SOLOPOS.COM - Joko Wahyono, Peneliti di Center for Study of Religion and Social Cultural Diversity Universitas Islam Negeri Sunan Kalijaga Jogja

Joko Wahyono, Peneliti di Center for Study of Religion and Social Cultural Diversity Universitas Islam Negeri Sunan Kalijaga Jogja

Setidaknya dua kali dalam kurun waktu dua tahun terakhir ini kabut hitam menyelimuti bumi Sampang, Madura. Akhir Desember 2011 lalu rumah pemimpin warga Syiah diserang, musala dan madrasah mereka dibakar massa. Sebanyak 200 pengikut Syiah mengungsi ke tempat yang lebih aman.

Promosi Jalur Mudik Pantura Jawa Makin Adem Berkat Trembesi

Kini, Sampang kembali membara. Tepat sepekan setelah umat Islam merayakan Idul Fitri, warga Syiah di Nanggernang, Sampang, Madura, Jawa Timur kembali diserang.
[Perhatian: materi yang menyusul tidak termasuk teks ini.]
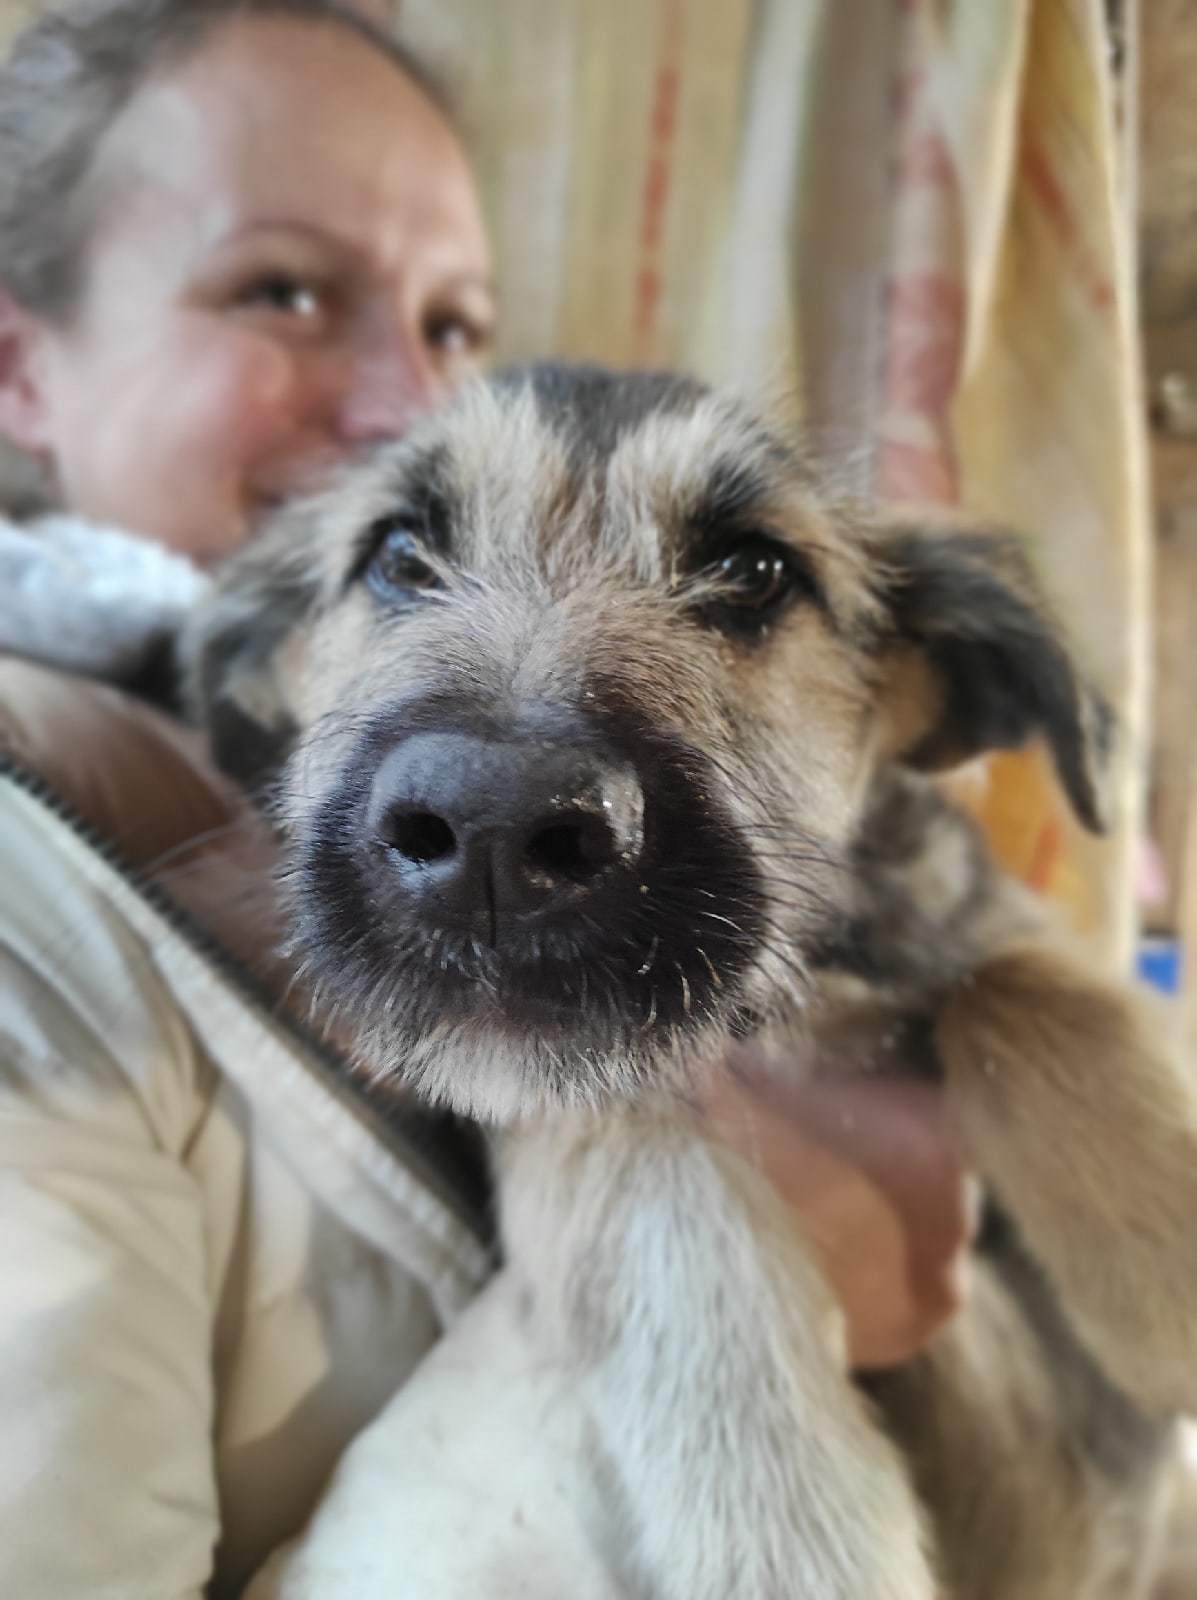 Bearded puppies in good hands - No rating, In good hands, I will give, Puppies, Beard, Dog, Pets, Moscow region, , Sergiev Posad, Moscow, Male, Muzzle, Pets, Dogs and people, Pet, Young, Toddlers, Longpost, Children

Diperkirakan sedikitnya dua orang warga Syiah tewas, sejumlah orang mengalami luka-luka, ratusan warga terpaksa mengungsi dan puluhan rumah penganut Syiah ludes dibakar massa.

Tidak ada motif rasional yang melatarbelakangi penyerangan tersebut. Keputusan majelis hakim Pengadilan Negeri Sampang yang menjatuhkan vonis dua tahun terhadap Tajul Muluk (Ketua Syiah Sampang) karena menghina Alquran tidak cukup menjadi pemantik bagi warga anti-Syiah untuk mengulangi aksi kekerasan.
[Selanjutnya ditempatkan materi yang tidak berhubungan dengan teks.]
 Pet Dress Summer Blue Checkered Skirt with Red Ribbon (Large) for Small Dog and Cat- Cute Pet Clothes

Dalam vonis tersebut jelas dinyatakan bahwa ajaran Syiah ala Tajul ini tidak masuk kategori aliran sesat sehingga ajarannya tetap bisa dijalankan oleh para penganutnya dengan tenang. Sementara konstitusi memberikan tanggung jawab kepada negara untuk melindungi dan mengayomi setiap pemeluk agama dalam menjalankan ajaran agama dan sistem kepercayaan yang mereka anut.

 

Klaim Mayoritas

Jika ditelisik lebih mendalam, tragedi kaum Syiah di Sampang merupakan cermin dari kegagalan negara dalam melaksanakan sistem demokrasi yang menghendaki perlindungan terhadap hak-hak individu. Pada kenyataannya, sistem demokrasi lebih mengedepankan kontestasi mayoritas versus minoritas. Banyak kebijakan publik yang didasarkan pada suara mayoritas.
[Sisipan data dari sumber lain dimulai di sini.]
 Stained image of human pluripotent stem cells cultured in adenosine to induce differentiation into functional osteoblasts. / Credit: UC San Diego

Begitu pula harus jujur diakui bahwa mentalitas orang beragama masih terjebak pada logika tersebut. Konsepsi kebenaran ajaran agama dinilai dengan jumlah mayoritas. Sesuatu yang diikuti oleh kebanyakan orang berarti benar, sedangkan yang diikuti oleh segelintir orang berarti salah. Jumlah mayoritas merupakan patokan kebenaran dan suara terbanyak merupakan keputusan yang harus diikuti dalam beragama.

Di sinilah benturan mentalitas orang beragama dengan demokrasi mayoritas terjadi. Dalam kondisi ini hampir tidak pernah diketemukan ruang diskusi untuk mencapai titik kompromi. Sebaliknya, atas nama demokrasi kaum mayoritas bisa mengklaim memiliki otoritas untuk memaksakan kebenaran versi mereka. Sementara kaum minoritas harus tunduk pada klaim-klaim kebenaran kaum mayoritas.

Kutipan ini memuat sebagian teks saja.